Without the pictures, set down every line of the data exactly.

COLLECTED MATERIAL:
● ● ● ● ●

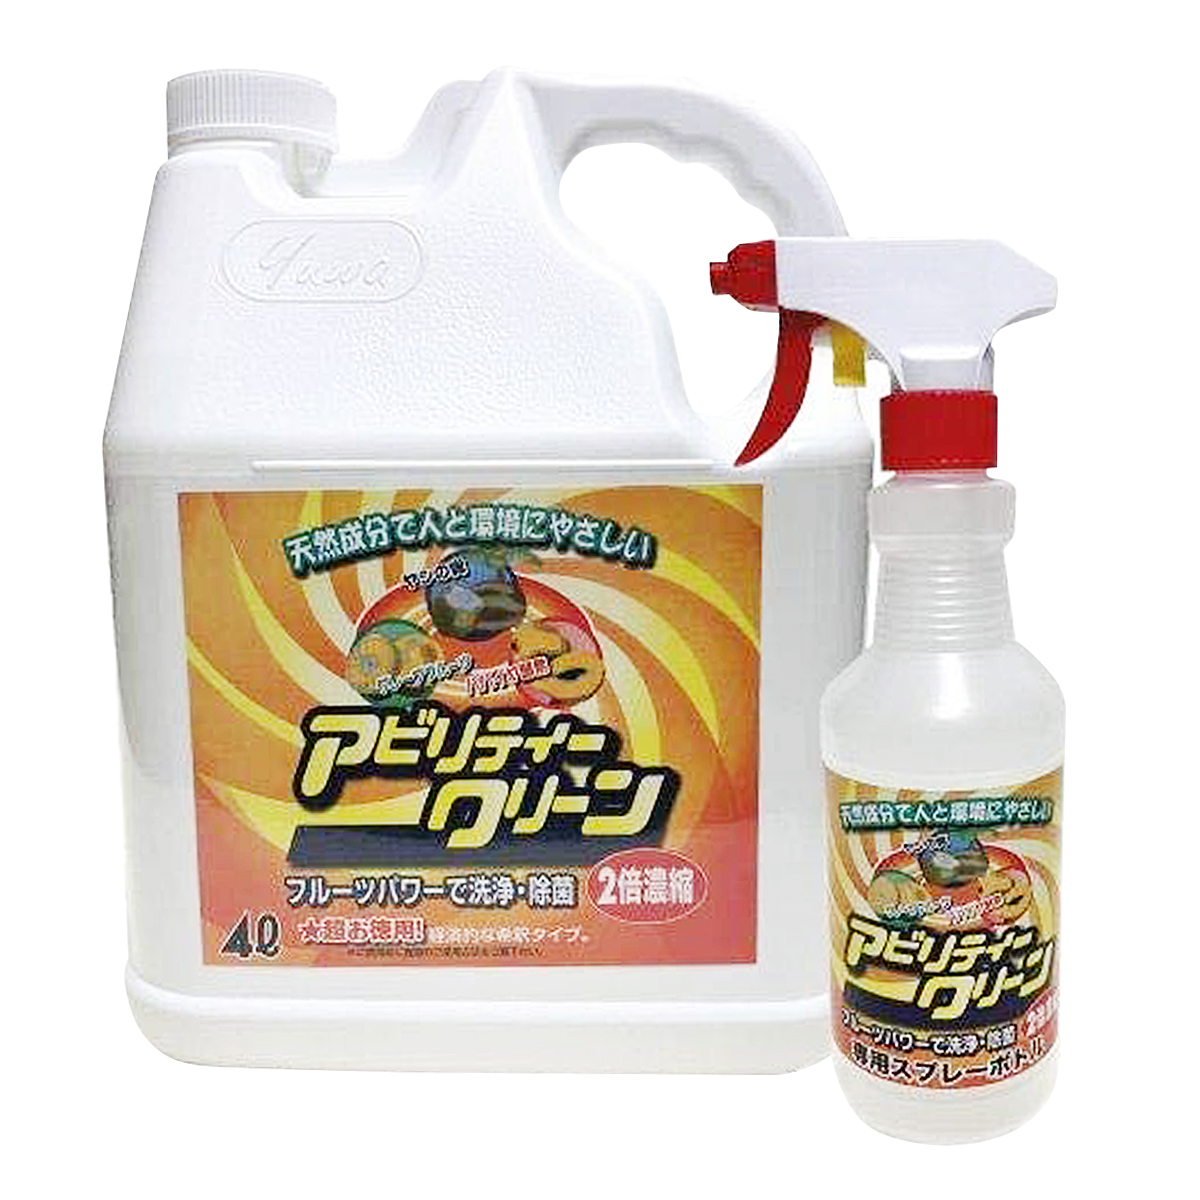 カネヨ石鹸 ホール用洗剤ピュアメイト4.5kg 室内用 掃除用洗剤 洗剤
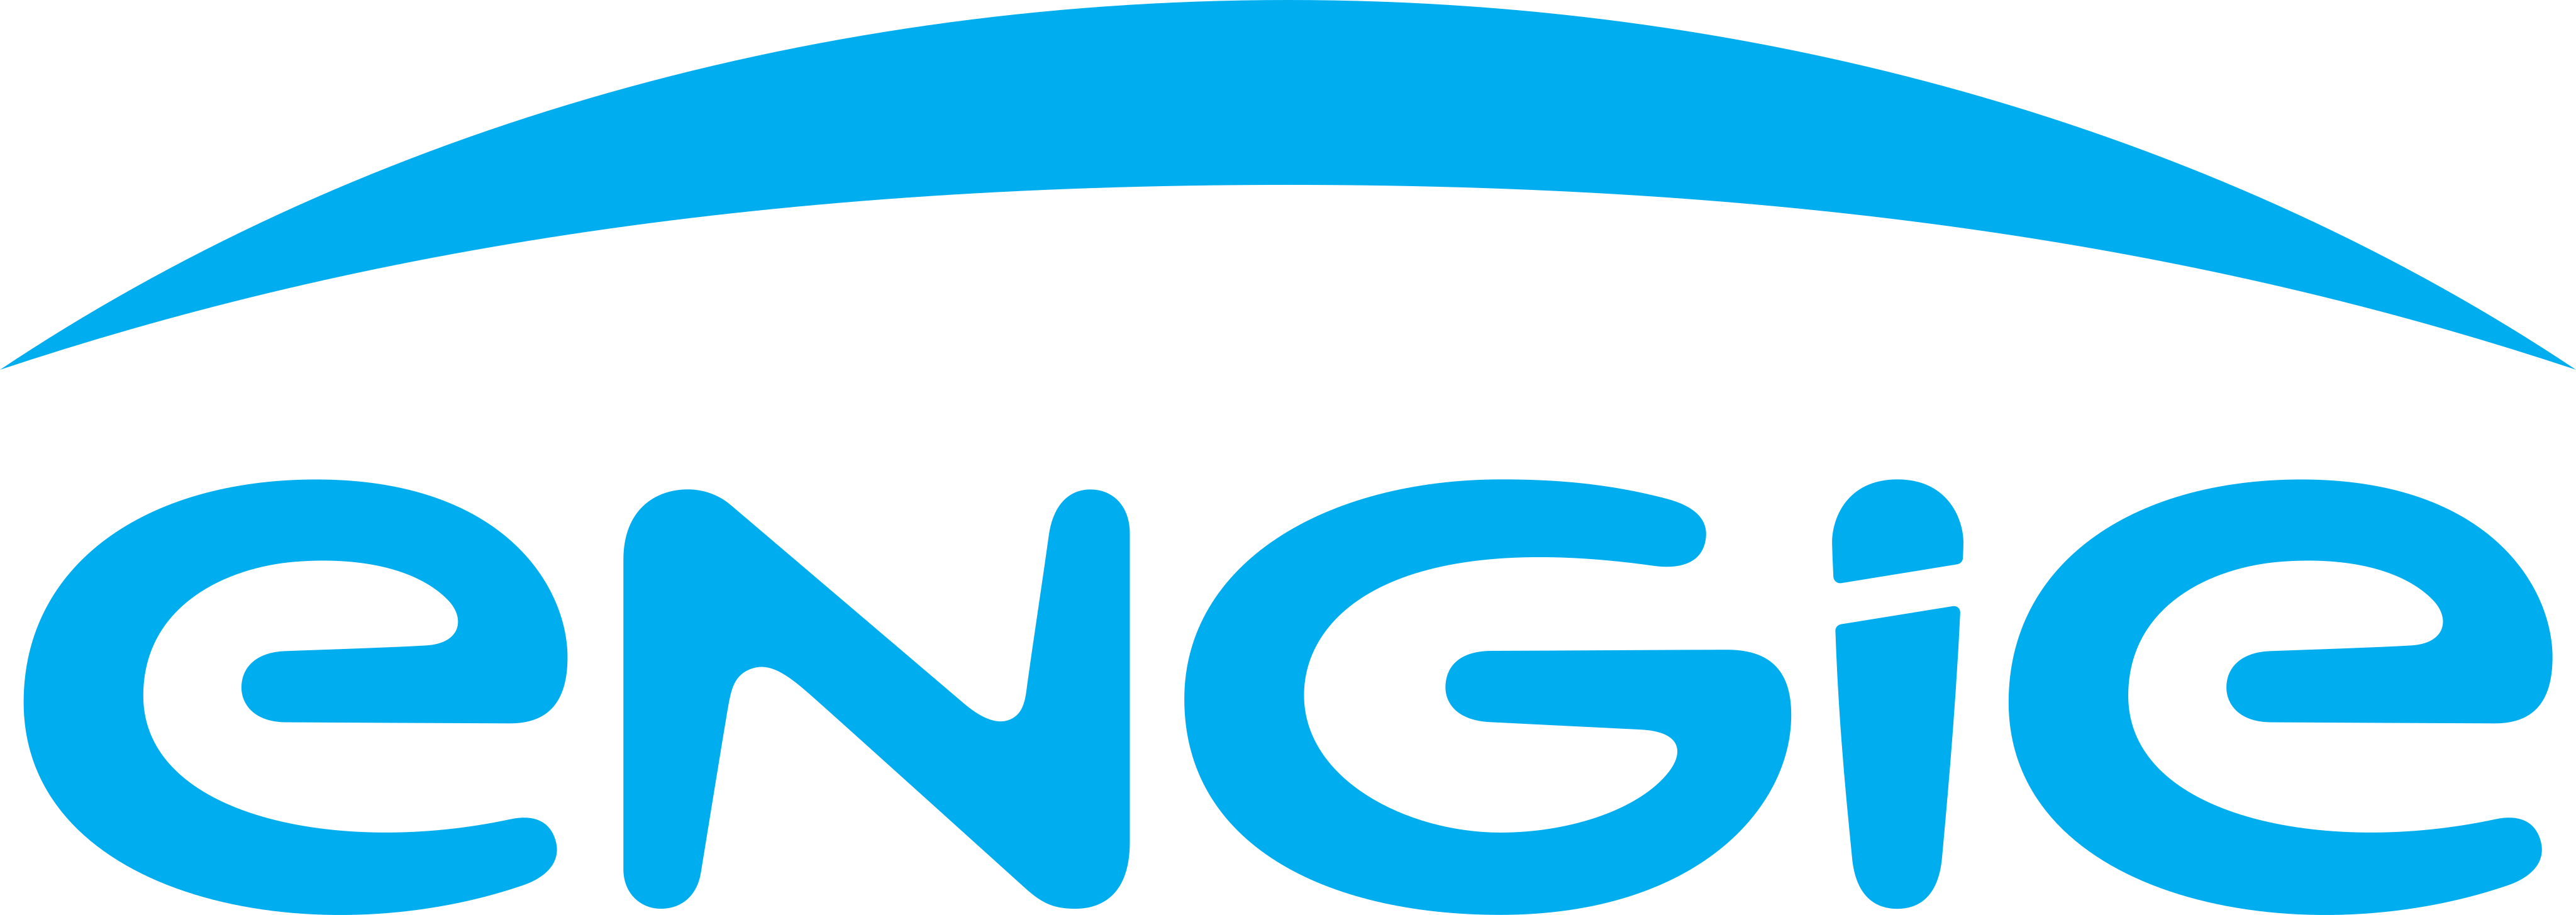 engie logo - Engie Logo
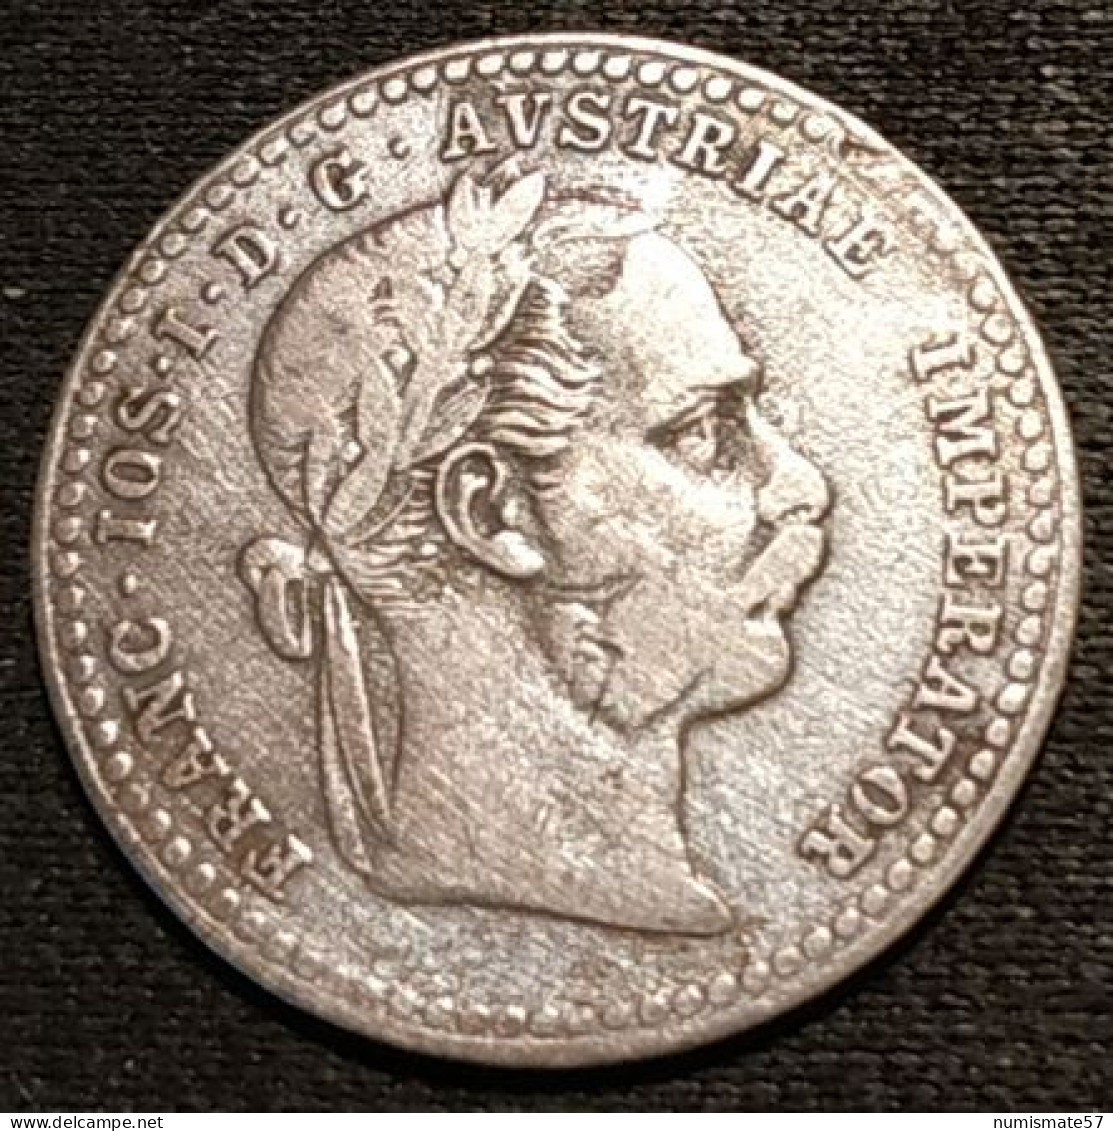 AUTRICHE - AUSTRIA - 10 KREUZER 1870 - Argent - Silver - Franz Joseph I - KM 2206 - Oesterreich

● ● ● ● ●

THE COMPLETED TASK:
 カネヨ石鹸 ホール用洗剤ピュアメイト4.5kg 室内用 掃除用洗剤 洗剤
 engie logo - Engie Logo
 AUTRICHE - AUSTRIA - 10 KREUZER 1870 - Argent - Silver - Franz Joseph I - KM 2206 - Oesterreich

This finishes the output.